The modeling of magnetic materials at finite temperatures is an ongoing challenge in the field of theoretical physics. This field has strongly benefited from the development of computational methods, which allow to predict material’s properties and explain physical effects on the atomic scale, and are now employed to direct the design of new materials. However, simulations need to be as accurate as possible to give reliable insights into solid-state phenomena, which means that, most desirably, all competing effects occurring in a system at realistic conditions should be included. This task is particularly difficult in the modeling of magnetic materials from first principles, due to the quantum nature of magnetism and its interplay with other phenomena related to the atomic degrees of freedom. The aim of this thesis is therefore to develop methods that enable the inclusion of magnetic effects in finite temperature simulations based on density functional theory (DFT), while considering on the same footing vibrational and structural degrees of freedom,with a particular focus on the high-temperature paramagnetic phase. The type of couplings investigated in this thesis can be separated in two big categories: interplay between magnetism and structure, and between magnetism and vibrations.

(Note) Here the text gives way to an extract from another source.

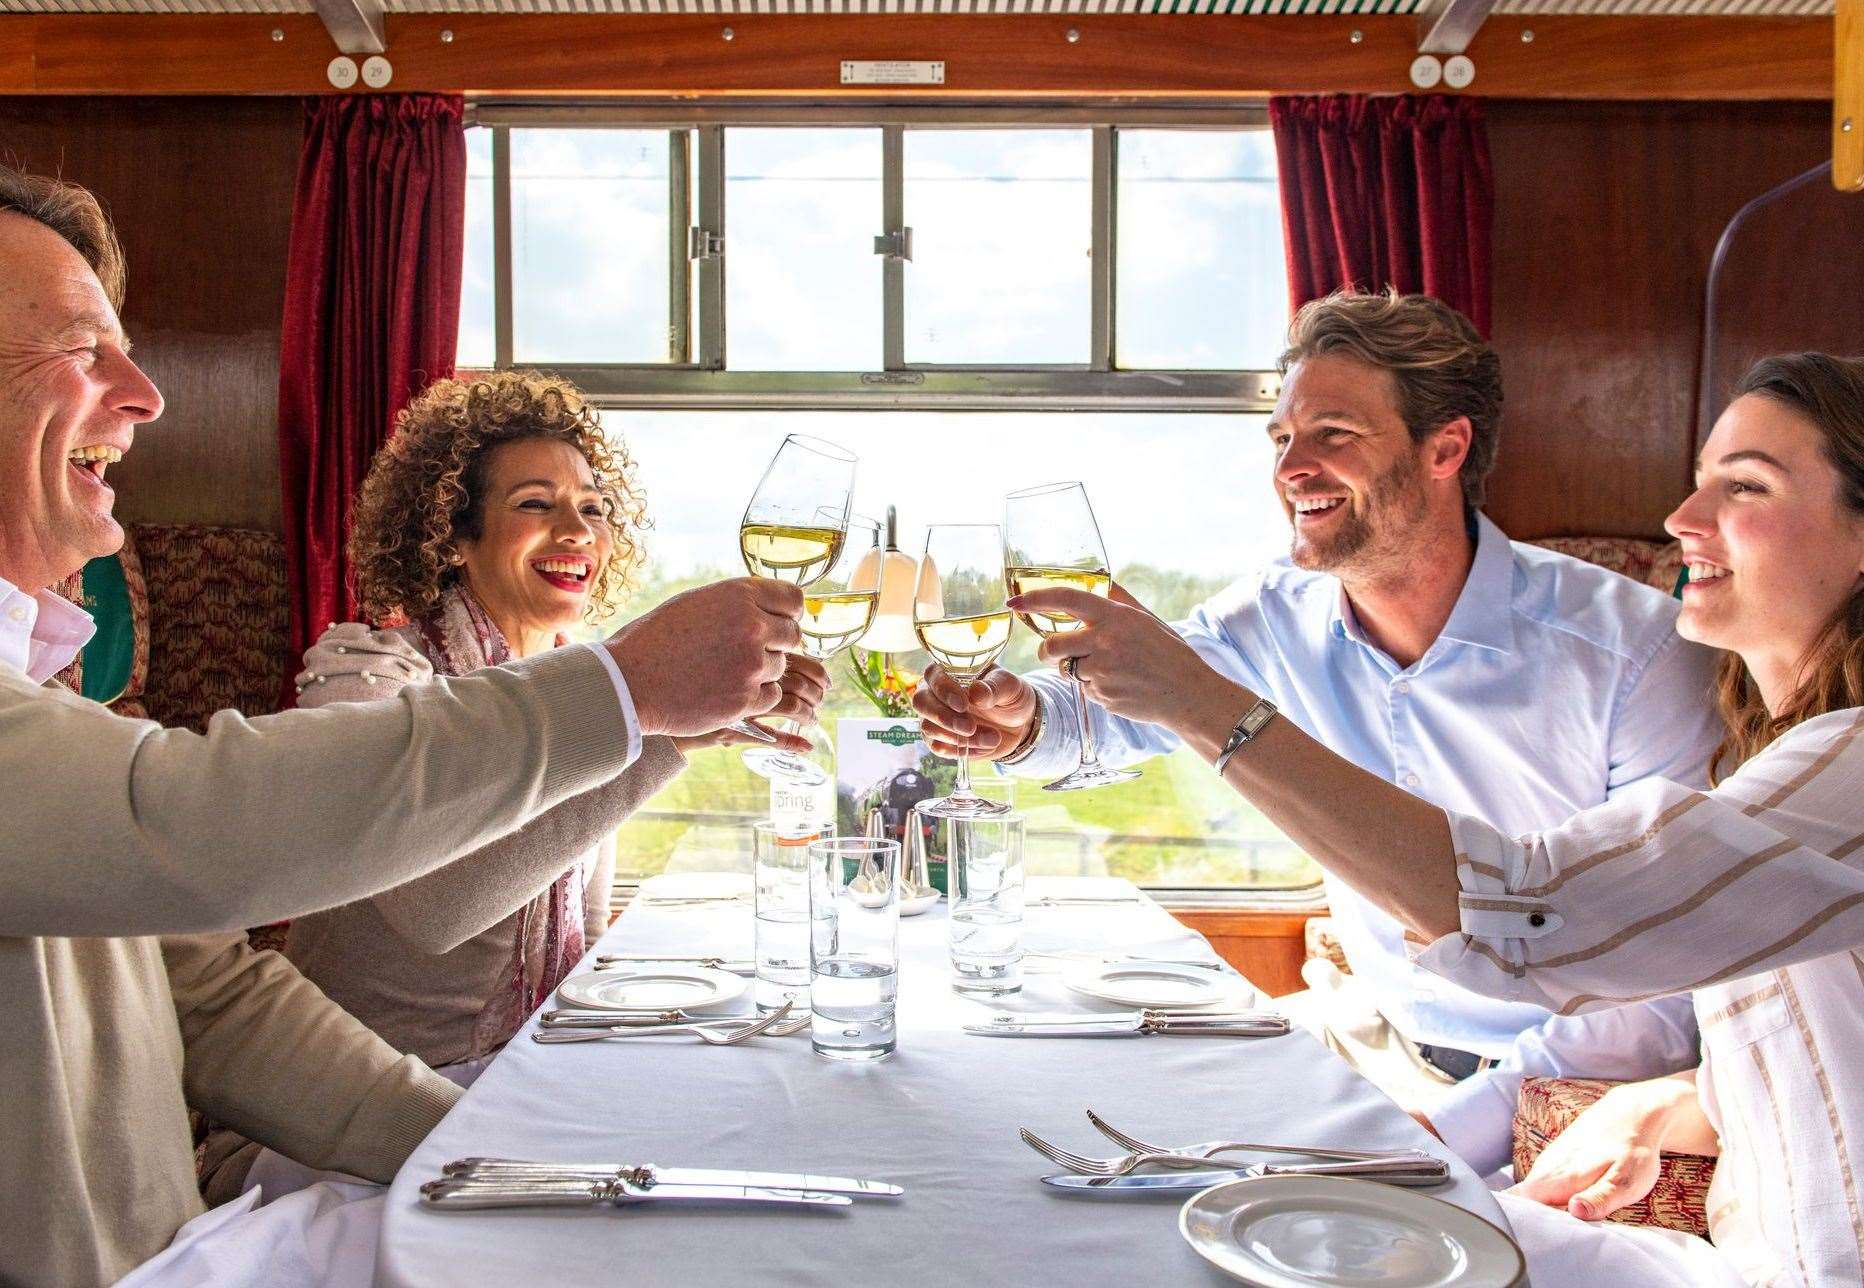 The Pullman Style Dining option will cost £195 per person. Picture: Steam Dreams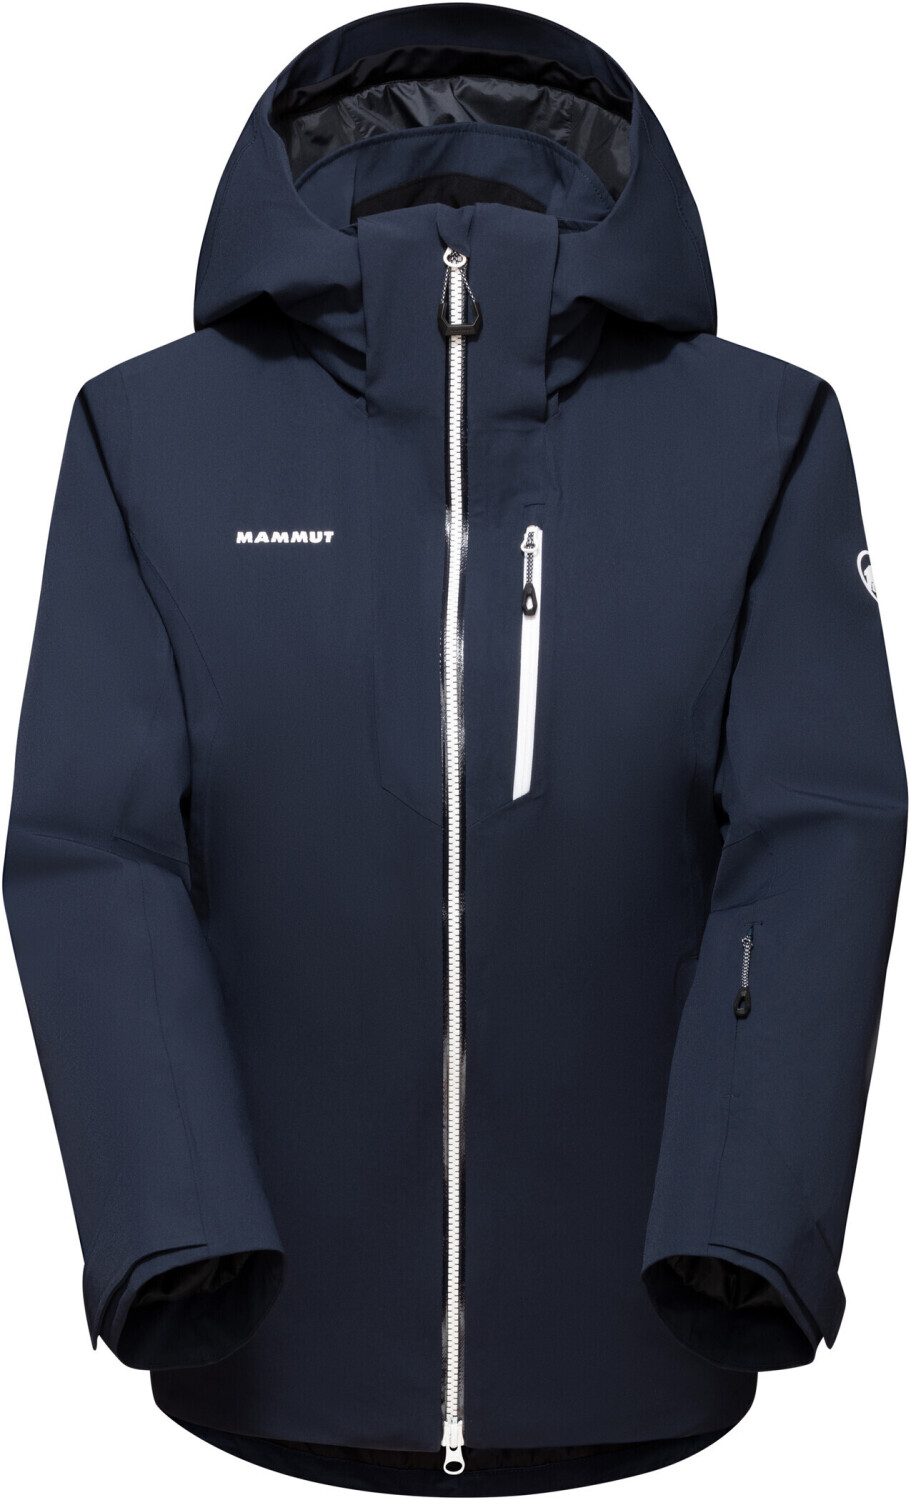 Buy Mammut Stoney HS Thermo Jacket Women (1010-28180) marine/white from  £273.93 (Today) – Best Deals on

Regarding the former category, I have tried to shine some light on the effect of the paramagnetic state on atomic positions in a crystal in the presence of defects or for complicated systems, as opposed to the ordered magnetic state. To model the high-temperature paramagnetic phase of magnetic materials, the disordered local moment (DLM) approach is employed in the whole work. In this framework, I have developed a method to perform local lattice relaxations in the disordered magnetic state, which consists of a step-wise partial relaxation of the atomic positions, while changing the configuration of the magnetic moments at each step of the procedure. This method has been tested on point defects in paramagnetic bcc Fe, namely the single vacancy and, separately, the C interstitial in octahedral position, and on Fe_1-xCr_x alloys, finding non-negligible effects on formation energies. In addition, the feasibility of investigating extended defects like dislocations in the paramagnetic state with this method has also been proven by studying the screw dislocation in bcc Fe. The DLM-relaxation method has then been used to investigate intrinsic and extrinsic defects in CrN, an antiferromagnetic semiconductor studied for thermoelectric applications, found in the paramagnetic state at operating temperature, and a newly synthesized compound, Fe₃CO₇, which features a complicated crystal structure and unusual electronic properties, with possible important implications for the chemistry of Earth’s mantle.

The other focus of this thesis is the coupling between magnetism and lattice vibrations. As a pre-step to perform fully coupled atomistic spin dynamics-ab initio molecular dynamics (ASD-AIMD) simulations, I have first investigated the effect of vibrations on the so called longitudinal spin fluctuations, a mechanism occurring at finite temperatures and important for itinerant electron magnetic systems. I have developed a framework to investigate the dependence of the local moment’s energy landscapes on the instantaneous positions of the atoms, testing it on Fe at different temperature and pressure conditions. This study has laid the foundation to apply machine learning techniques to the prediction of the energy landscapes during an ASD-AIMD simulation. Finally, I have investigated the phase stability of Fe at ambient pressure from the theoretical Curie temperature up to its melting point with ASD-AIMD. This task is carried out by applying a pool of thermodynamic techniques to calculate free energy differences, and therefore I have defined a strategy to discern the thermodynamic equilibrium structure in magnetic materials in the high temperature paramagnetic phase based on first principles dynamical simulations. The methodologies developed and applied in this work constitute an improvement towards the simulation of magnetic materials accounting for the coupling of all effects, and the hope is to bridge a gap between theory and experiments.